5.3.3. Impact of Different Wind Turbine Capacities on Optimized Scheduling Results
In the electricity market environment, the effectiveness of deep peak shaving and energy storage devices in improving wind power consumption was further verified by gradually increasing the installed capacity of wind farms and analyzing the wind curtailment situation and economic operation of different wind power installed capacities in Mode 3.
As can be seen from
Table 3 and
Figure 12, as the wind power capacity increases, the wind curtailment rate also increases, with a 22.99% increase in curtailment rate when the installed capacity of wind power increases from 300 MW to 500 MW. The demand for deep peak shaving in thermal power increases, the cost of fuel for deep peak shaving in thermal power increases, and the profit of thermal power peak shaving and the total cost of the system show an increasing trend, while the wind power profit shows a trend of first increasing and then decreasing. Considering all aspects, the installed capacity of wind power in the system should take into account both system aggressiveness and wind curtailment rate, and moderate wind power integration is recommended.
6. Conclusions
In this paper, we have addressed the uncertainty of day-ahead forecasting errors and the auxiliary service constraints of deep peak shaving. We have proposed a two-stage optimized scheduling model for day-ahead and intra-day scheduling and conducted multi-mode case analysis to draw the following conclusions:
Firstly, the scenario-based day-ahead random optimization scheduling approach effectively resolves the trade-off between reserving spare capacity and sacrificing economic efficiency. The optimized unit combination obtained demonstrates universality for various scenarios.
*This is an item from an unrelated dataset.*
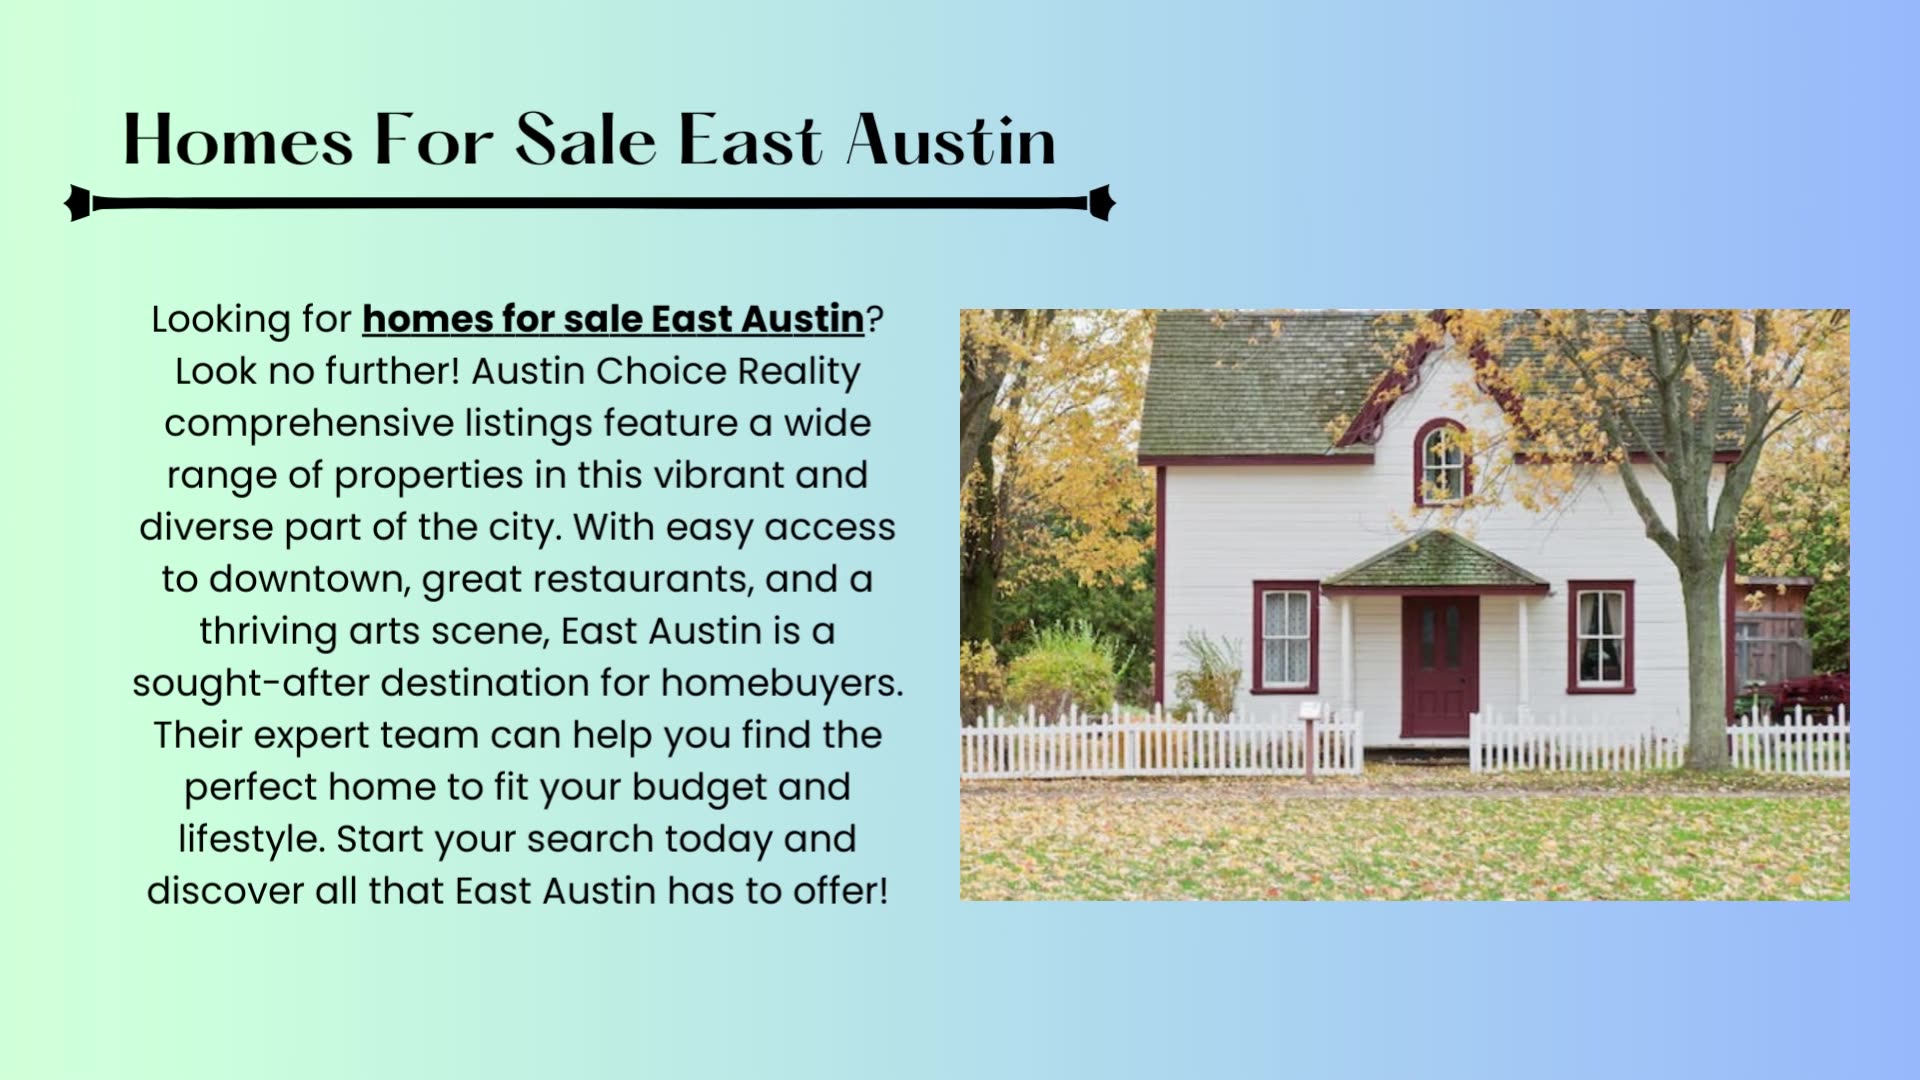 Homes For Sale East Austin

Secondly, the intra-day dynamic economic scheduling, based on the day-ahead random unit combination, includes the auxiliary service constraints of thermal power units participating in deep peak shaving. By enabling both thermal power units and energy storage units to participate in optimized scheduling, the accommodation capacity of wind power is further improved.
Lastly, in the electricity market environment, increasing wind power capacity can enhance the profits of thermal power peak shaving. However, we observed that wind power profits exhibit a trend of initial increase followed by a subsequent decrease as wind power capacity increases. Considering system proactivity and the curtailed wind power rate, it is advisable to moderately install wind power capacity in grid-connected wind farms within the power system.
In conclusion, our study demonstrates the effectiveness of the proposed scheduling model in managing day-ahead uncertainty and enhancing the accommodation of wind power. Future work can focus on further improving the model by considering additional factors, such as demand response and transmission constraints. Additionally, it is important to acknowledge the limitations of our research, such as considering load and renewables uncertainties, which are relevant in reducing costs and avoiding network problems, and will be the focus of further investigation.